Building on last year’s Heller decision, the Supreme Court voted 5-4 on June 28 in the McDonald v. Chicago case to incorporate the 2nd Amendment’s protection of gun ownership onto the states via the 14th Amendment. During the Reconstruction Era, relying on the controversial Slaughter-House case, the Cruikshanks, Presser v. Illinois, and Miller v. Texas decisions had expressly stated that the 2nd Amendment did not apply to the various states even though it was binding on the federal government.

The Reconstruction Era Court did not believe that the 2nd Amendment right to bear arms was a privilege or immunity of citizenship as contemplated by the first clause of the 14th Amendment. A plurality of the present Court – Alito, joined by Roberts, Scalia and Kennedy, and with Scalia writing an additional concurrence – navigated around the Reconstruction Era opinions by declaring that the right to bear arms extended onto the states via the Due Process Clause of the 14th Amendment.
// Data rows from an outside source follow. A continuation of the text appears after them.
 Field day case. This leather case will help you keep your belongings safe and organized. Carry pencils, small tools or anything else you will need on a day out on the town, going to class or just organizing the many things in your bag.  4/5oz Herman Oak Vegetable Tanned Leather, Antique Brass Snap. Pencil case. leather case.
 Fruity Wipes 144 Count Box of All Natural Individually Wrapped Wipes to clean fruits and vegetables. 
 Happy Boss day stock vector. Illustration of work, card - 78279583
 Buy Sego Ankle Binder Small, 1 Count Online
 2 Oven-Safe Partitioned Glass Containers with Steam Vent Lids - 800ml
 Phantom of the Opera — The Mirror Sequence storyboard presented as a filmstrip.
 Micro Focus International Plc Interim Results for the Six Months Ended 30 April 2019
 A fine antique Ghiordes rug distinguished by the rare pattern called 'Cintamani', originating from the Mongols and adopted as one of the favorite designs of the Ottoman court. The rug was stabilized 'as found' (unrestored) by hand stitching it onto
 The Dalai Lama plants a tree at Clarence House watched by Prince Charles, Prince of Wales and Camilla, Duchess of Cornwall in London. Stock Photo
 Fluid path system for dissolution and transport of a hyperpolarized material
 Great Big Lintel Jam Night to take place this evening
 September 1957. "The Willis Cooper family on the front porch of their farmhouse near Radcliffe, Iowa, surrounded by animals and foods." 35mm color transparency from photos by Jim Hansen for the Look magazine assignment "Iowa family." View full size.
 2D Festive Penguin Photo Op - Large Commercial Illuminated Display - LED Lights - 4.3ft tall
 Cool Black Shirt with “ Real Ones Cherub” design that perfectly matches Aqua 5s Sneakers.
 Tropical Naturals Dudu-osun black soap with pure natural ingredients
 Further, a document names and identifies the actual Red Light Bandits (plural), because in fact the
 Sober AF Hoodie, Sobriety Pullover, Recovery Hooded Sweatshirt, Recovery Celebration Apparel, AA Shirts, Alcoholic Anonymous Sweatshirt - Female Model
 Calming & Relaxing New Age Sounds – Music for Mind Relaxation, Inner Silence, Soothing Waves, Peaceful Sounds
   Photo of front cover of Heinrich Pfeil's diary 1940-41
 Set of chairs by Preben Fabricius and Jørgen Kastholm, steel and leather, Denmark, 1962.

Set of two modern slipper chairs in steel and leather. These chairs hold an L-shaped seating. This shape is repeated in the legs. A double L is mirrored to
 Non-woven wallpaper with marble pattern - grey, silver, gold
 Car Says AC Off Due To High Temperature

The decision to extend using the Due Process Clause is merely a plurality, rather than a majority, because Thomas voted to directly overturn the Slaughter-House-Cruikshanks line and extend the 2nd Amendment via the Privileges and Immunities provision. What this means for us is that, while the Court’s decision to incorporate is binding against the states, there is technically no settled authority on the precise scope of gun regulations that will still pass muster.

Nevertheless, those of us who consider the 2nd Amendment to stand for a defense of individual liberty and self-determination are now more secure in our right to self-defense that was so important to our nation’s founders.